Dave Winer at MS: Q: You said you were going to ask the IE team for some features. What did you ask them? A: Two, reading and writing. I asked for help with the act of subscribing. Right now this is a messy place, it depends on the tool and the aggregator. And there have been attempts to come up with solutions based on standards and they haven't worked well. It's a conundrum. Why can't we teach the browser to subscribe and delegate that action to any other piece of software? That would be fine. On the editing side, if I want to create a new blog post, and I'm looking at something in the browser and I want to blog it that could be dramatically improved. For instance the text editor. It's based on a technology called "Trident" and it's better than a standard text box but it could be much better. And then the top ten problems. I'm in the middle of a blog post, and I want to check my email, and I click on mail and lose my blog post. We all learned to deal with this, but this problem could be solved. Another one is the Google toolbar with the Blogger button on it. Blogger came up with a widely supported API, but the button goes straight to Blogger.
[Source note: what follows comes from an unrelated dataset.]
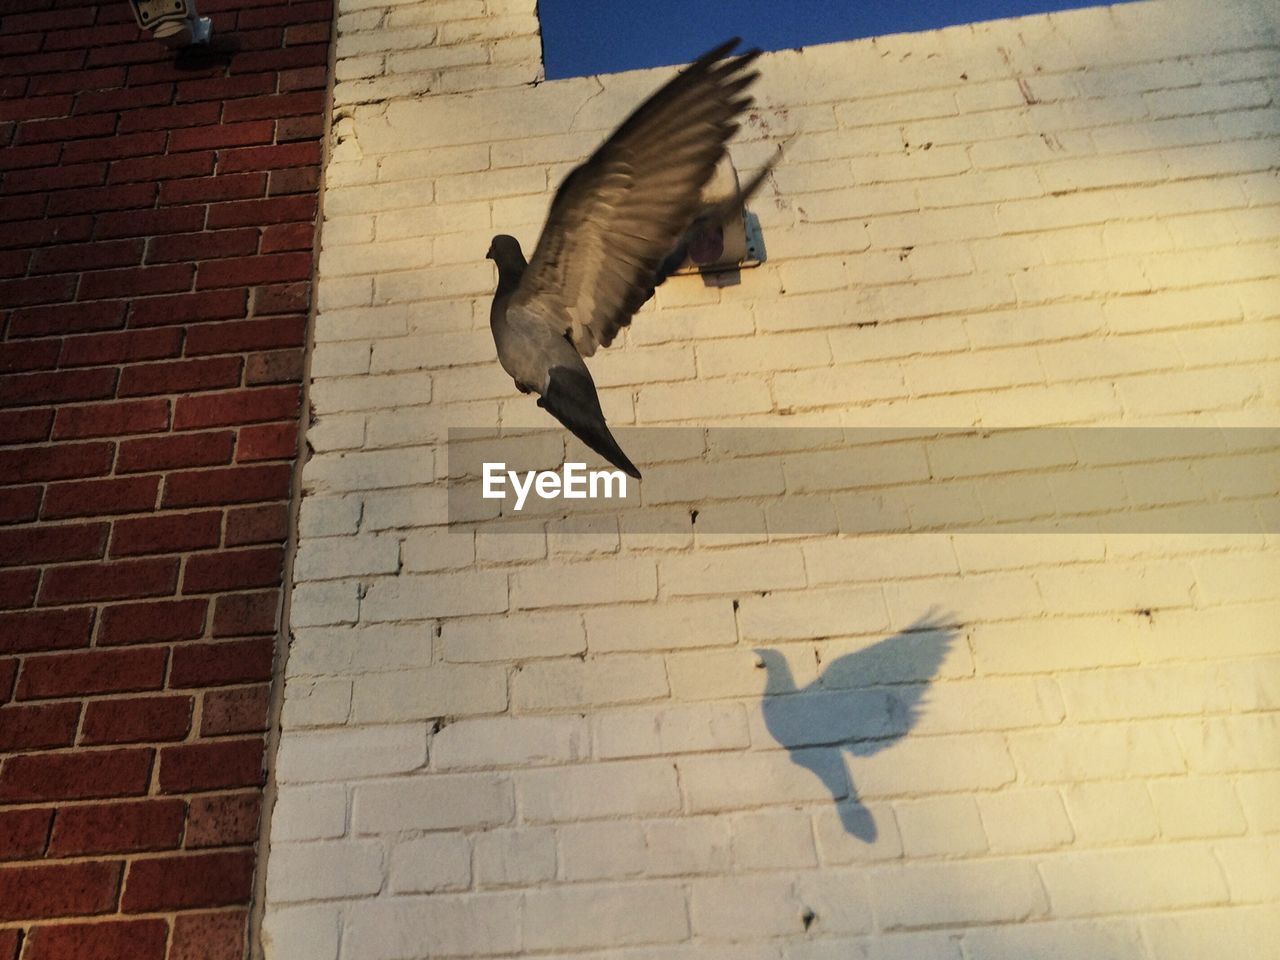 Pigeon flying in front of brick wall

[via Jarrett House North :]
This assumes a working model of Internet Explorer + Aggregator, worse it seems to assume the only model is Web Browser + Aggregator as separate applications for news reading, web browsing and blogging. And even worse still, it assumes that IE has to change in order to 'fix' this.
Since this is being written at a tool that supports aggregation, browsing and blogging (the above snippet was selected in the browser, then the "blog this" tool clicked), I beg to differ.